A massive TAM means nothing if the market isn’t primed for adoption.
A market may be huge, but if customers aren’t ready to buy, you’ll burn through cash too quickly. It’s essential to assess whether the industry is primed for immediate demand or if customer education will be required first. Track industry signals and stay close to your customers to time your entry strategically.
2. Even if the market is ready, you might not be.
Can you scale fast enough to capitalize on the opportunity before competitors or incumbents do?
Many Deep Tech failures aren’t due to bad technology but poor internal timing. Ensure your company is structurally and operationally prepared before scaling aggressively. Additionally, sectors like energy and space often require enabling infrastructure before startups can grow effectively. Identify the inflection point for scaling—and be ready to act.
3. The problem matters more than the solution.
Investors fund startups that solve urgent, painful problems—not just elegant technologies.
Too often, founders fall in love with their solution without validating whether the problem is big enough. Before you build, talk to people who experience that problem daily and see if they are willing to pay to solve it.
4. Be specific.
Claiming your TAM is "trillions" without specifying who will buy, when, and why immediately undermines credibility.
Investors don’t just want big numbers—they want a clear, logical path to revenue. Break your market into real addressable segments and clarify where your first revenue will come from. Think of your market as a ladder—why is this your first step, and when will it happen?
5. Your real market is smaller than you think, and it’s fine.
Your market isn’t the entire industry—it’s the people actively searching for a solution today.
Who is ready to pay now? Count customers from the bottom up: start with early adopters, pilot customers, and expansion potential. Validate your assumptions.
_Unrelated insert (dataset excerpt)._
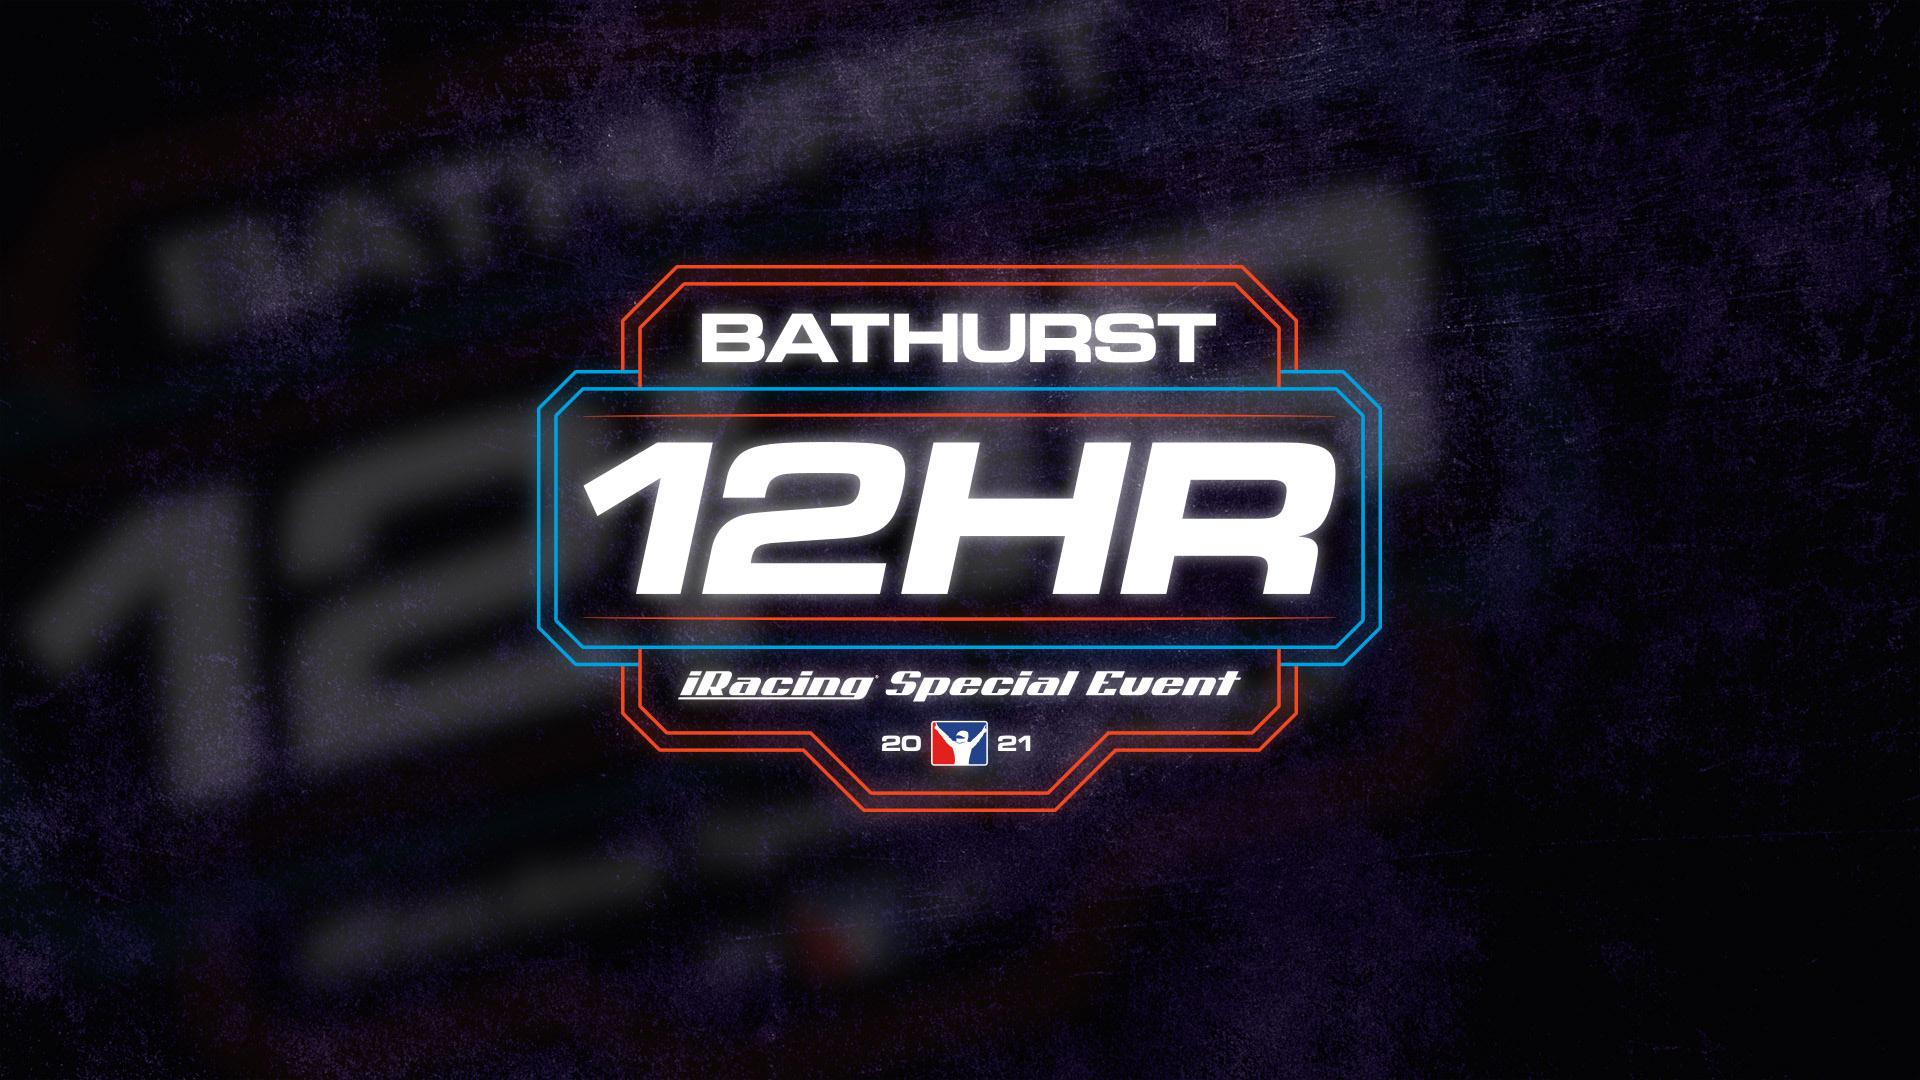 iRSE-Bathurst-12HR-feature.jpg

Investors prefer a small but high-intent market over an inflated, vague one.
6. Market validation comes before fundraising.
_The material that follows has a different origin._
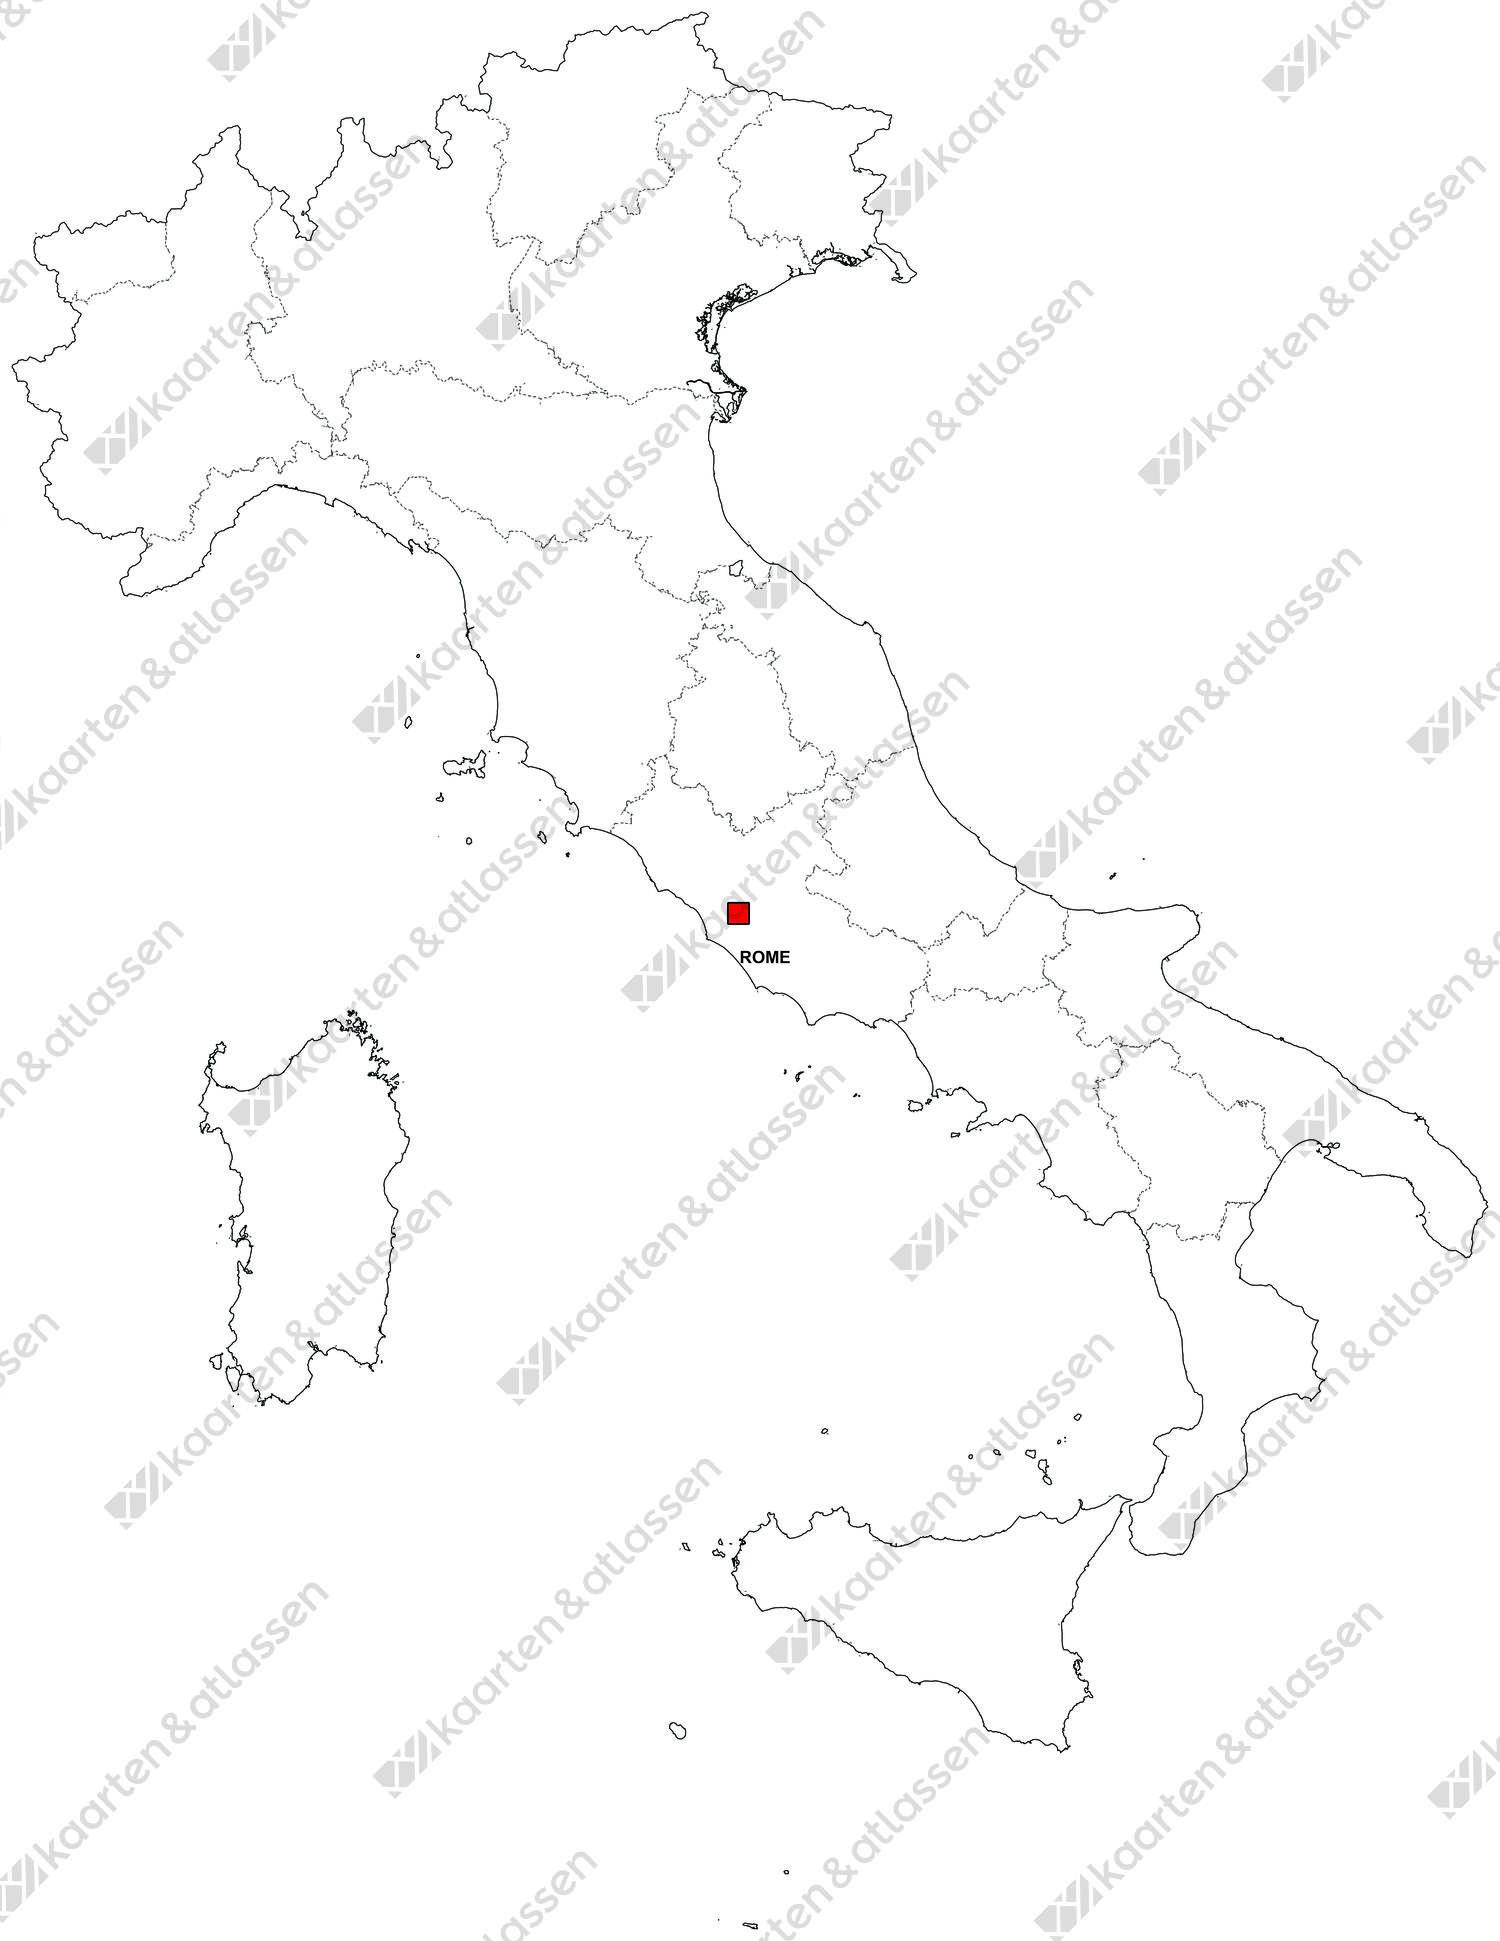 Gratis digitale kaart Italië

Investors want real signs of demand, not just massive market estimates.
If no one is willing to pay, even a trillion-dollar market won’t save you. Show value with LOIs, pilot contracts, or strategic partnerships before raising capital.
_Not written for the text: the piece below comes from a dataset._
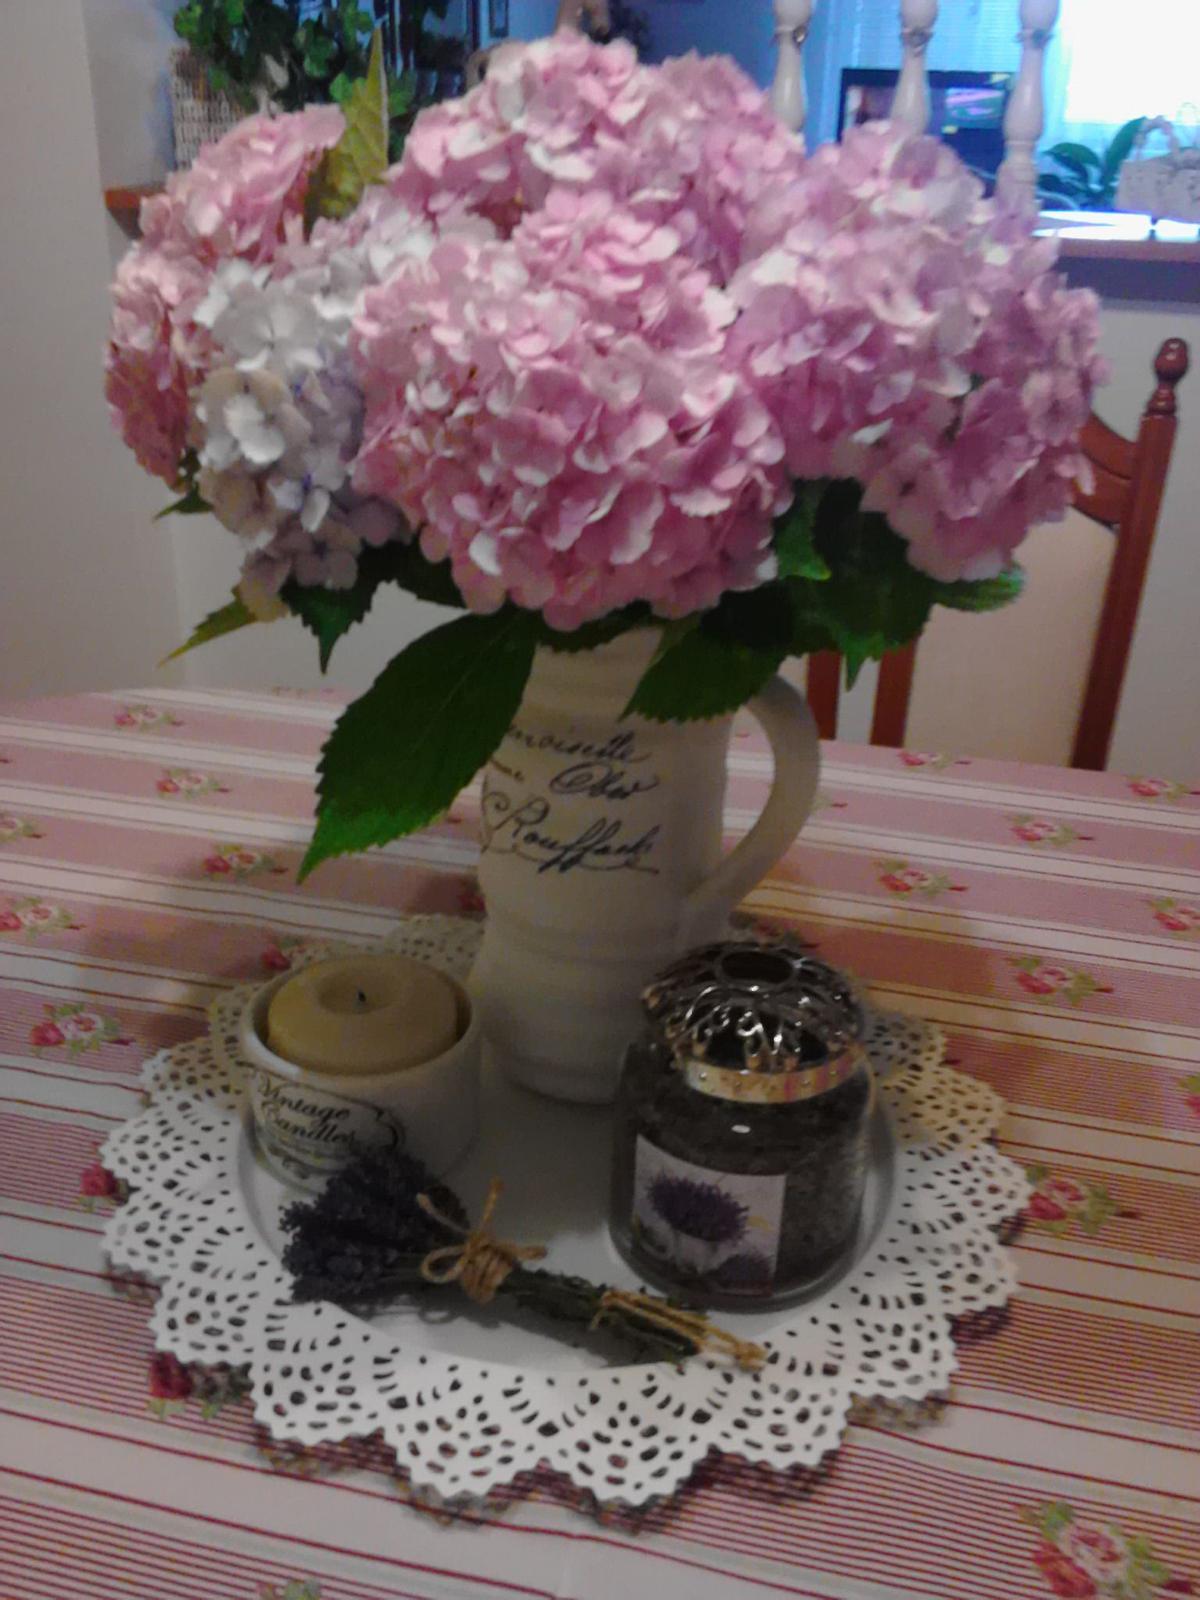 Moje male radosti - Dnes som dostala tuto krasnu kyticu hortenzii, velmi sa im tesim

7. How you frame the market changes everything.
Investors don’t just evaluate the market size—they evaluate how you position your startup within it.
If you can frame your startup as an emerging leader in a high-growth market, you’ll command more attention. Use data, industry trends, and historical analogies to make your case compelling.
8. Never assume investors will understand your market.
A market is a story you need to communicate effectively.
Your strategy must be structured, and your narrative must be compelling. If investors don’t grasp your market, it means one of two things: either you haven’t articulated it well enough, or you haven’t understood it deeply enough. Simplify complexity.
9. If your market doesn’t have an urgent problem, you’re in trouble.
The best markets have a pain point so severe that customers are actively looking for a solution.
If you have to convince customers that they have a problem, you likely don’t have a business. Find markets where the problem is obvious, painful, and needs solving now.
10. If your market is regulated, you need to understand bureaucracy before you build.
Regulated markets (e.g. MedTech, Energy, Defense) have high barriers but massive rewards if you navigate them correctly.
Many founders avoid regulated markets because of their complexity. But those who master compliance and regulatory pathways build deep competitive moats and face less competition.
11. A great team beats a great technology.
Investors prioritize a strong team over a groundbreaking technology because execution determines success.
Even if your technology isn’t perfect, a great team can refine it, bring it to market, and iterate based on customer needs. But even the best technology won’t survive if the team lacks the ability to fundraise, scale, or execute a business plan. Build your company around world-class execution, not just an R&D lab.